- **EXERCISE DATA**
● ● ●
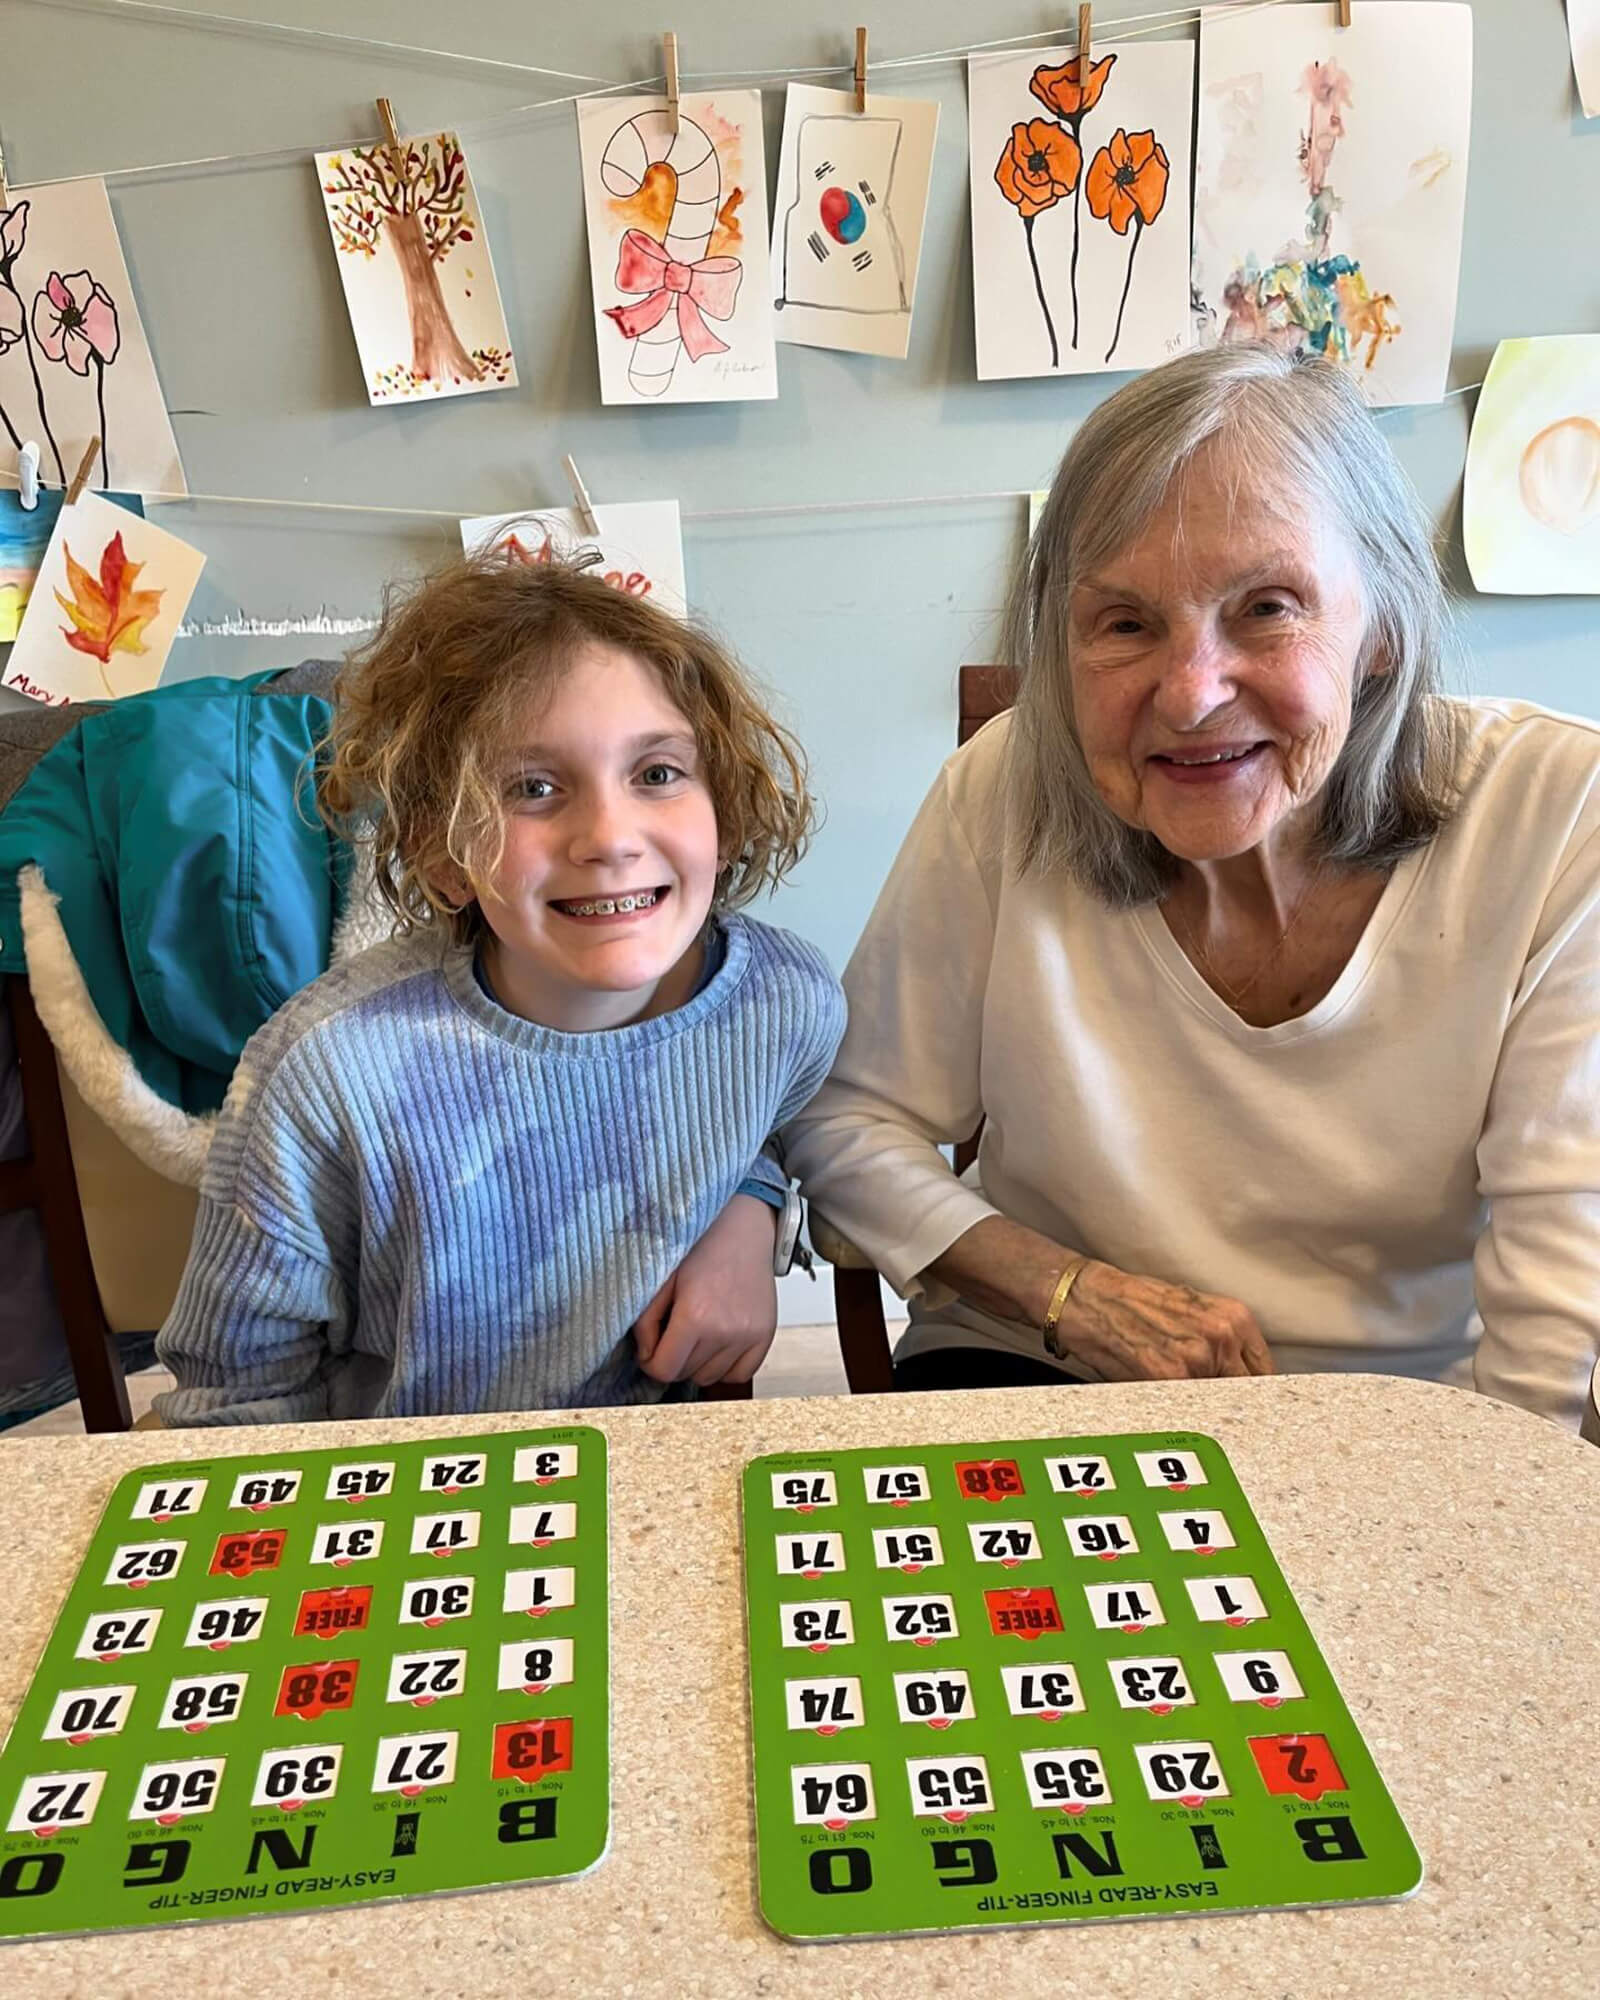 Smiling child and senior woman enjoying a bingo game together in Edina, MN.
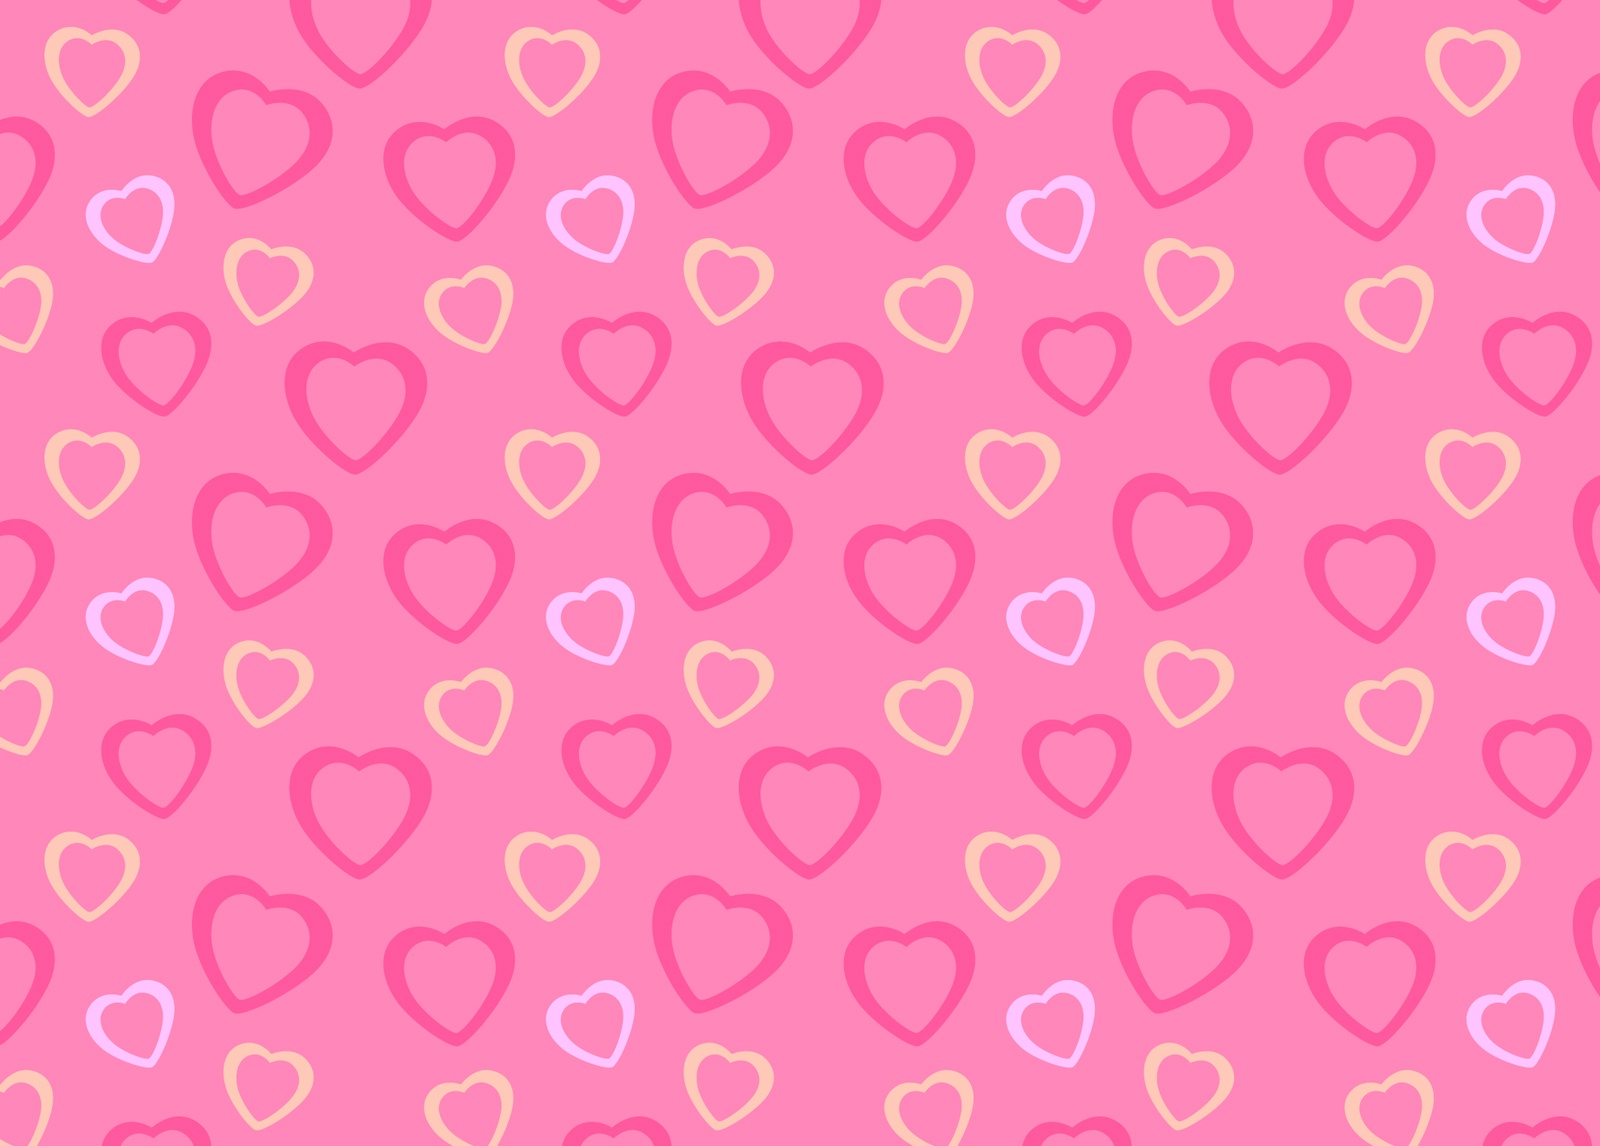 Hearts Background Images WallpaperSafari
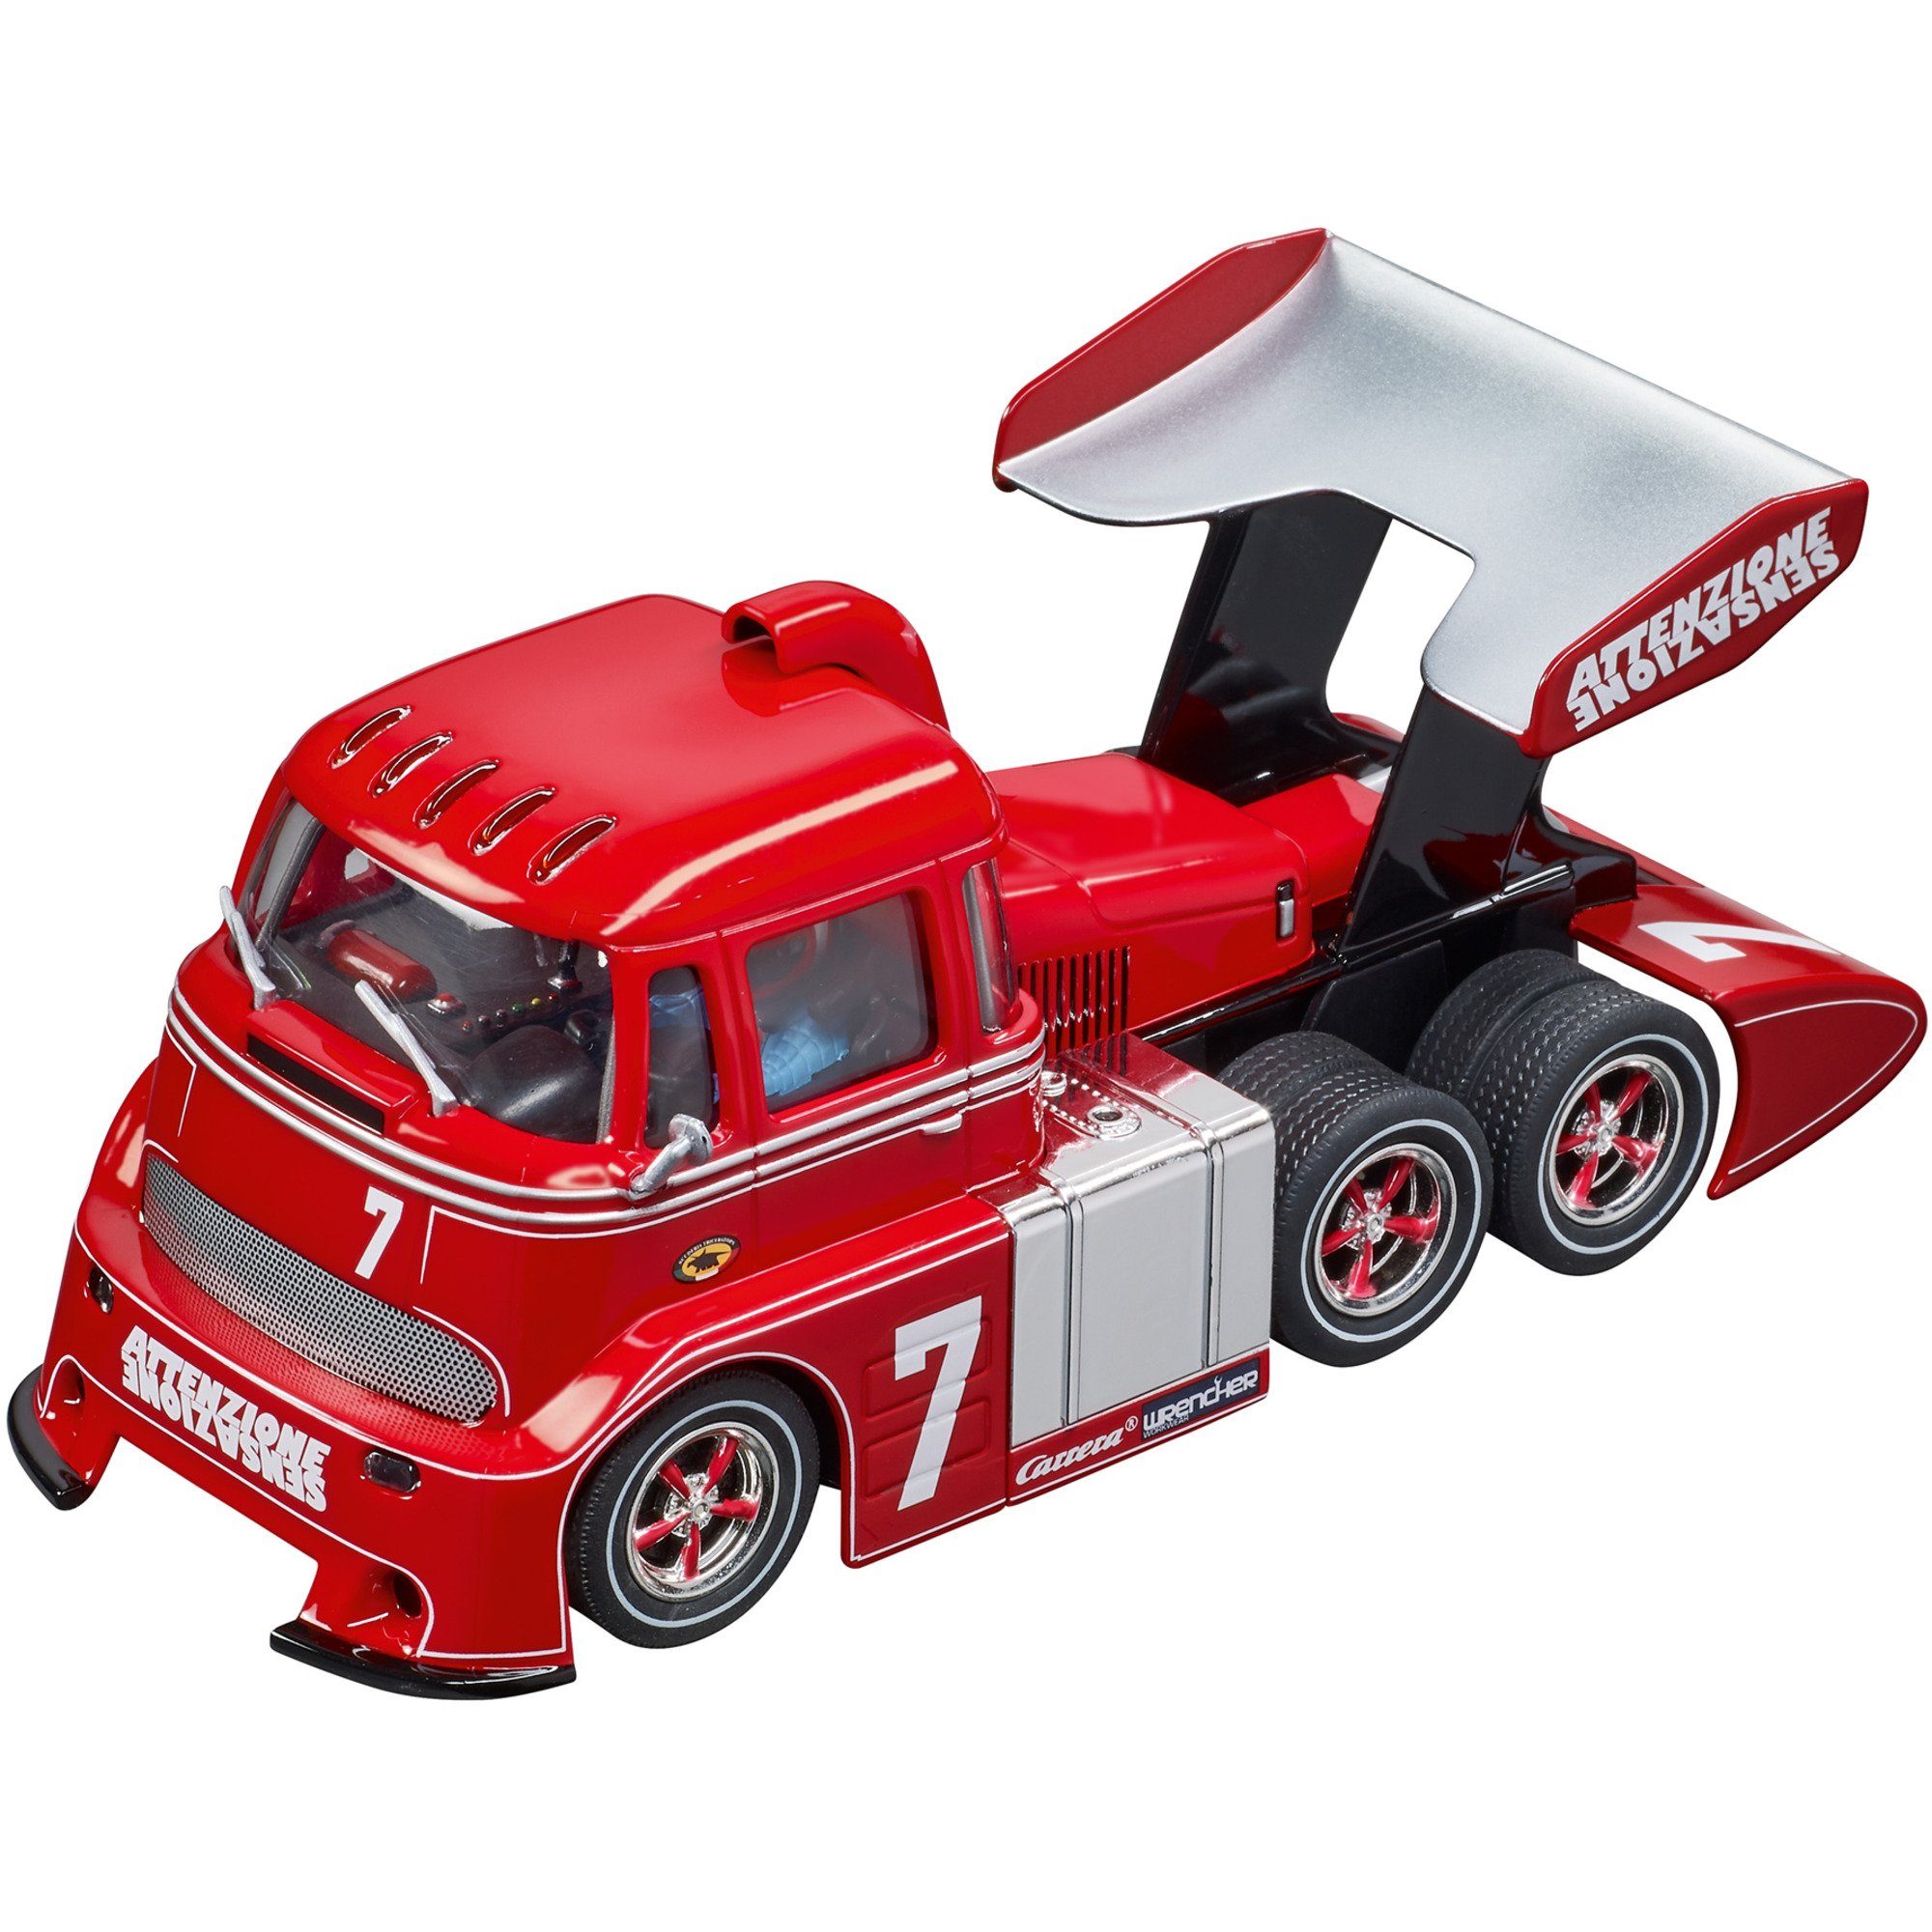 Carrera® Spielzeug-Auto Carrera DIGITAL 132 Race Truck "No.7", Rennwagen
● ● ●
Leave out the images and write out the listing above exactly.

 Smiling child and senior woman enjoying a bingo game together in Edina, MN.
 Hearts Background Images WallpaperSafari
 Carrera® Spielzeug-Auto Carrera DIGITAL 132 Race Truck "No.7", Rennwagen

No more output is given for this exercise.